溫姿正端著碗筷要到廚房去刷,猛然聽到了這麼一頓對話,頓時劇烈的咳嗽了起來,硬生生的打斷了張藝興接下來要說的話,兩人一起把目光移去,正看到溫姿在彎著腰。
張藝興急忙拋下了泰雅跑了過去,去扶她的肩膀:“溫姿,怎麼了?”
趁著泰雅還未走過來,溫姿突然抓住張藝興的手臂說:“我們之間的事先暫時不要告訴泰雅。”
“為什麼?”
“你就先按我說的做,我待會再向你解釋。”
余光中已經看見泰雅正在朝這邊走來,她直起身子,滿面歉意的高聲說道:“哦,我沒事,沒事,剛剛喝了一口水嗆到了。”
說著她就要繼續朝廚房走去,邊走邊回頭說:“你們先聊,我把這幾個碗洗了。”
泰雅走到張藝興的身邊看了一眼溫姿說:“lay ,你和溫姿,什麼關係,她為什麼會出現在這?”
張藝興靜靜的看著溫姿的背影說:“普通的朋友關係!”
顯然,他不想再多說話,掉頭回到了客廳的沙發上坐著。
待兩人都走了以後,溫姿才敢回過頭去看,突然之間她輕輕的笑了,但是臉頰上卻流了一串淚水。
原本以為,只要和張藝興在一起了,就算過程中有什麼困難,只要他們齊心協力也終於會有度過去的一天,可是看來有些事情不是遇到困難,努力一下就可以解決的。
她之所以選擇不把她和張藝興之間的關係告訴泰雅,也是因為顧慮太多,一方面是因為現在不確定泰敏是否還活著,如果因為這件事她再和泰雅鬧了什麼矛盾,那麼這件事就徹底的無從查起了,另外一方面,在不瞭解泰雅對待張藝興是處於一種什麼樣的心態之前,這種事還是能瞞一天是一天,她只是不想讓兩年前的悲劇再次發生。
其實,仔細往深處想,才發現人生中藏著很多無奈的事情。
溫姿洗完碗回到客廳的時候,正聽見泰雅正在向張藝興詢問許璐的事情,她不想過去,總感覺和他們好幾年的交情來比,顯得她自己是多麼的渺小。
可是張藝興愣是眼尖的看到了她:“溫姿,過來坐。”
溫姿微微的笑了笑,侷促了一瞬,選擇慢慢的走了過去,在兩人對面的沙發上坐了下來,而泰雅看到有人介入,到底是收斂了些,不再黏著張藝興,而是微微挪開了點距離。
張藝興一直心事重重的模樣,尤其是在看到溫姿躲避的目光時,尤為不解,本來打算直接開口問她,可是又顧忌著身邊的泰雅,繼而轉向她:“哦,對了,上次在劇組,你不告而別,可是發生了什麼事情?”
溫姿和泰雅兩人倒是很有默契的對視一眼。
泰雅立刻小事一樁的表情攏了攏肩上的頭髮說:“沒什麼事,我的職業是醫生,那時,我的一個病人突然發病,我著急,趕了回來。”
溫姿低頭輕輕搖頭,看來她雖然不怎麼通中文,但是把謊話編的還是挺溜得。
泰雅不比許璐,溫姿也深深的知道,接下來她要面對的將是什麼。
夜已深,泰雅提出要走,但是當她站起身疑惑的看著溫姿說:“她晚上住哪?”
張藝興說:“我這房間多,這兩天她會在我這邊……”
“不行。”話音未落,泰雅立馬反對:“你們一個男人一個女人,不能住在一起,她去我那。”

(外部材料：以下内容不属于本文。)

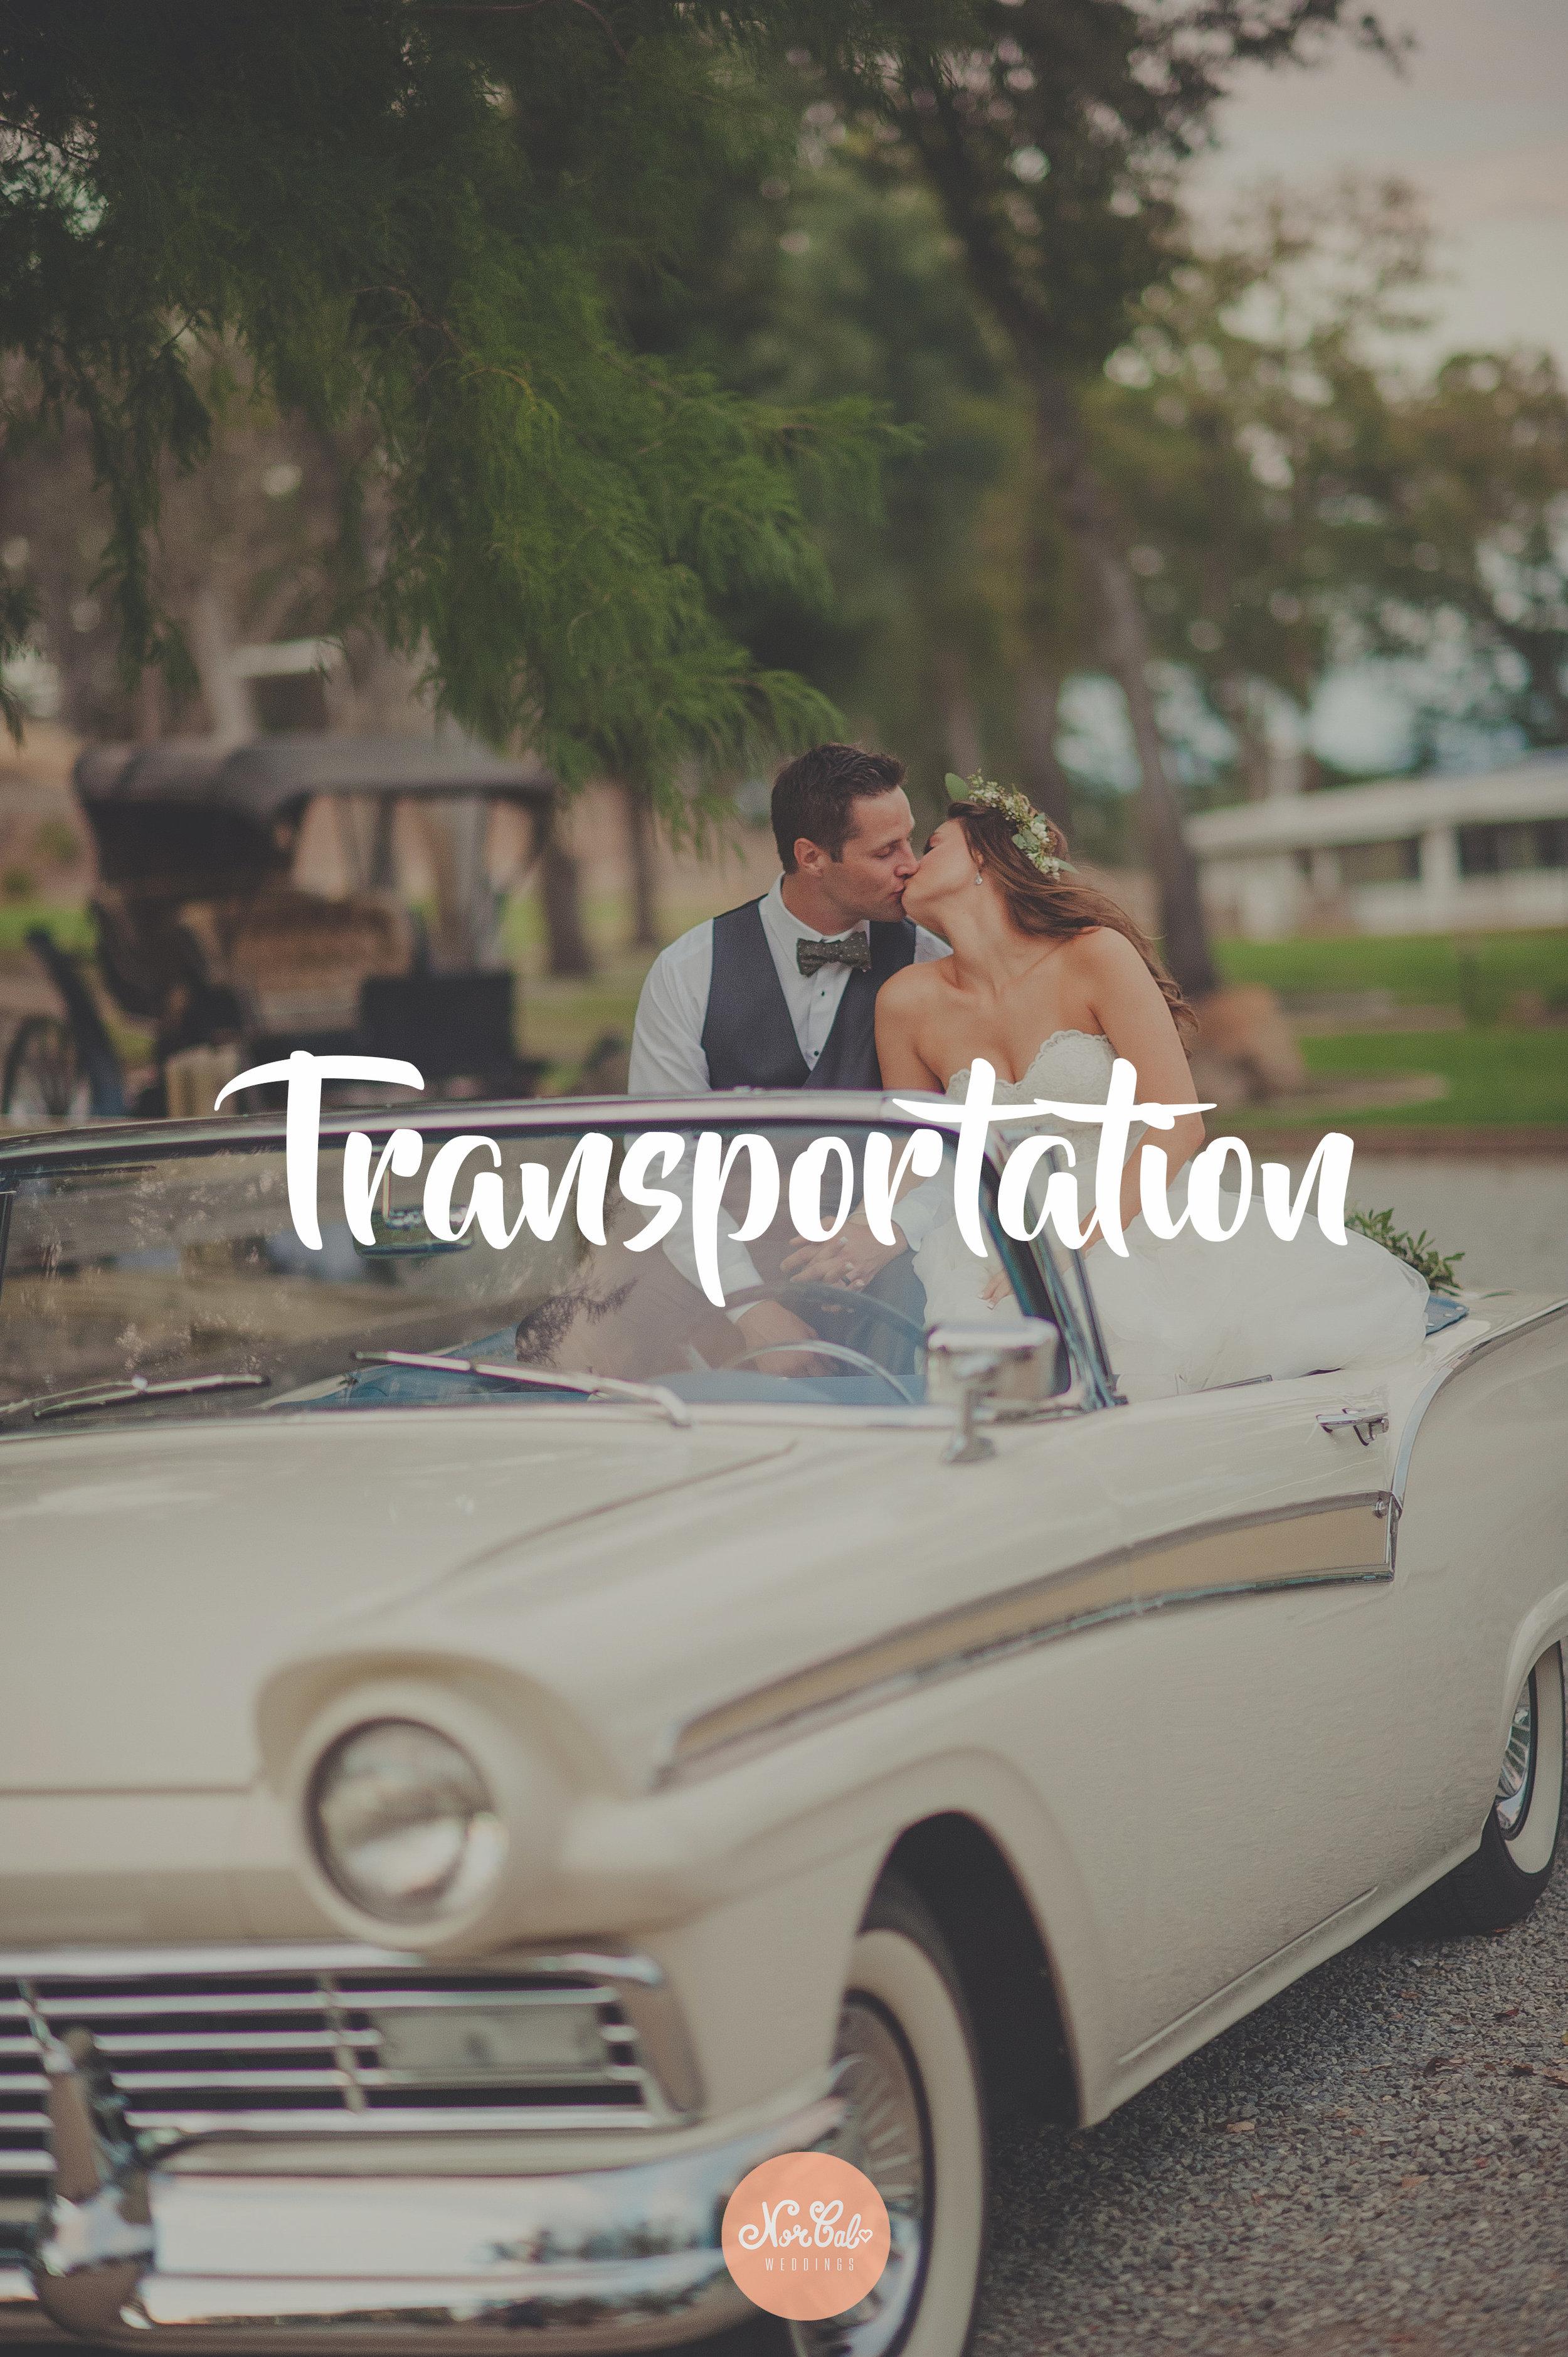 NorCal Weddings Transportation Services.jpg

溫姿根本就沒有任何發語權,泰雅就已經過來拽住了她的胳膊。
溫姿看了張藝興一眼說:“沒事,我住泰雅那可以。”
張藝興點了點頭說:“我送你們過去吧。”
“不好。”泰雅再次拒絕:“我和溫姿有話說,你不能跟來。”
既然如此,兩人也是不好說什麼,溫姿提著行李,真的是連拖帶拽的被泰雅拉出了張藝興的房子。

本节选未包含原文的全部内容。